May
18
Don’t Tell, Cuz I Didn’t Ask
Filed Under Uncategorized | By Tim Love
I have to admit it; I can’t stop talking about my heterosexuality. My office has wedding pictures prominently displayed. I never hesitate to talk about my partner and my kids. (I recognize that talking about my kids doesn’t necessarily mean I’m heterosexual, but let’s be real, when I do, many of you think of me as heterosexual.) I don’t really care if it makes you uncomfortable; I’m going to make sure you know I’m a heterosexual anyway.
While this seems a little silly to say, it’s true. I do regularly assert my heterosexuality, whether intentionally or not – it just goes mostly unnoticed because we live in a heterocentric and heterosexist society, where heterosexual is the “norm.” Just how heterosexist became clear to me recently when someone said her husband doesn’t have a problem with homosexuals, except when they tell you about their homosexuality. As someone who identifies as heterosexual, I have the privilege of being able to talk about my life and my identity, all of it, without fear, and I see heterosexuality portrayed all around me constantly. People who identify as LGBT in our society are pressured to hide a part of their identity and their humanity because of the serious repercussions of identifying as anything other than heterosexual.
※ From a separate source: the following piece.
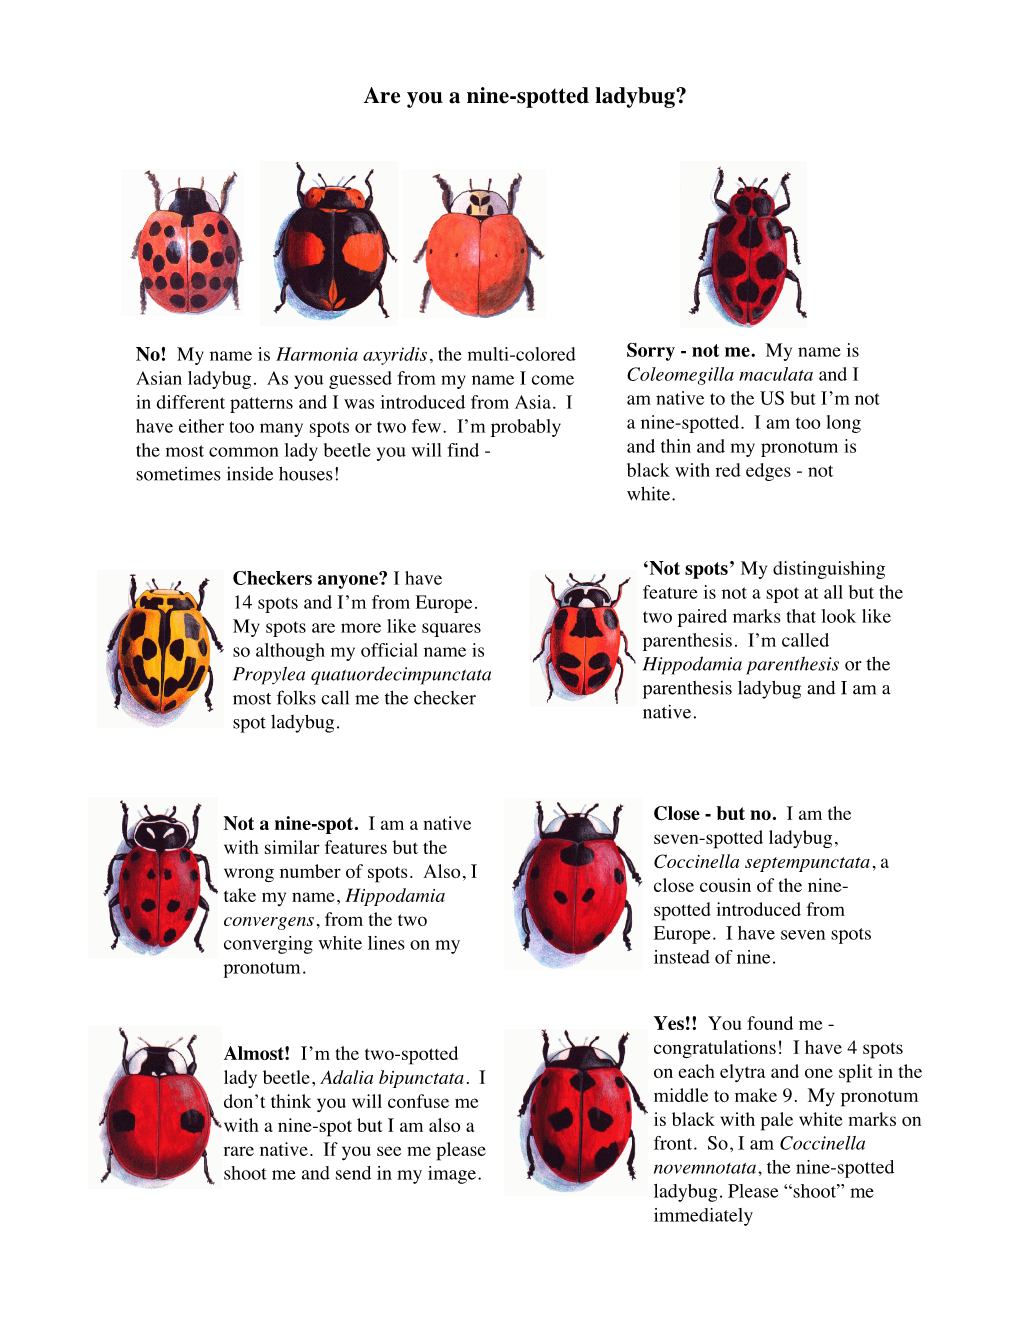 Are You a Nine-Spotted Ladybug?

For straight-identified folks out there, consider how many times you assert your heterosexuality or someone else assumes you are heterosexual in one day. Notice when it comes up in casual conversation – about family, about dating, etc. – as well as in other places, such as the forms you fill out. Think about how many times a day someone who identifies as LGBT has to decide whether to risk repercussions for joining in the conversation or hide a part of who they are. And let us know how the assignment goes.
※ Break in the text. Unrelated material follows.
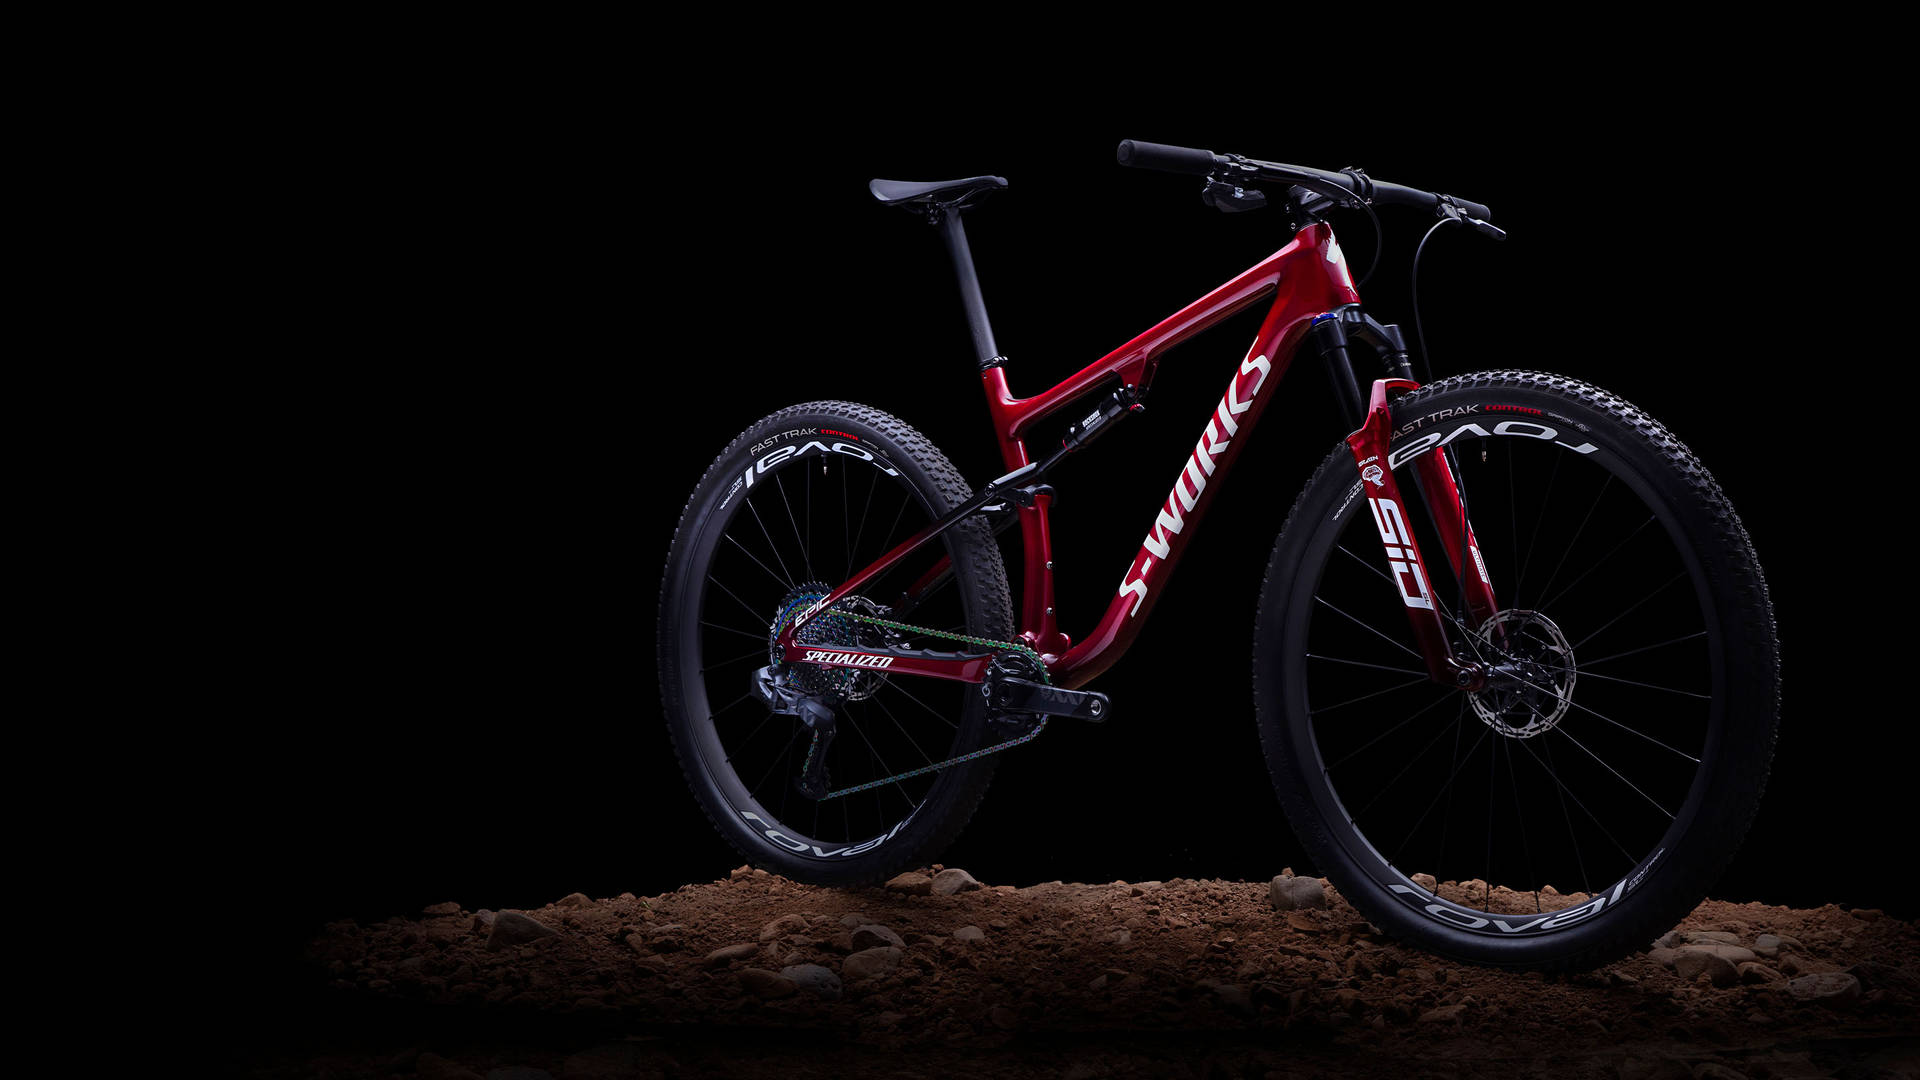 Red Specialized Bike In Darkness Wallpaper

Could it be that there is something even deeper beneath the sentiment expressed by the woman? It seems to speak to the thinly-cloaked hate that accompanies homophobia, as well as the complete marginalization of a significant number of our sisters and brothers and the fear and revilement directed at them. The oppression directed at folks who identify as LGBT is so deep that acknowledging one’s full humanity has become a social no-no with serious violence, intimidation and prejudice used to enforce the code of silence. What is it about the public conversation regarding sexual orientation that is so silencing, that makes some people so irrational, scared and hate-filled, that an individual expressing their humanity is considered offensive? How can we change the public conversation so that we can actually have a public conversation about this issue, and so that people can safely express their full humanity?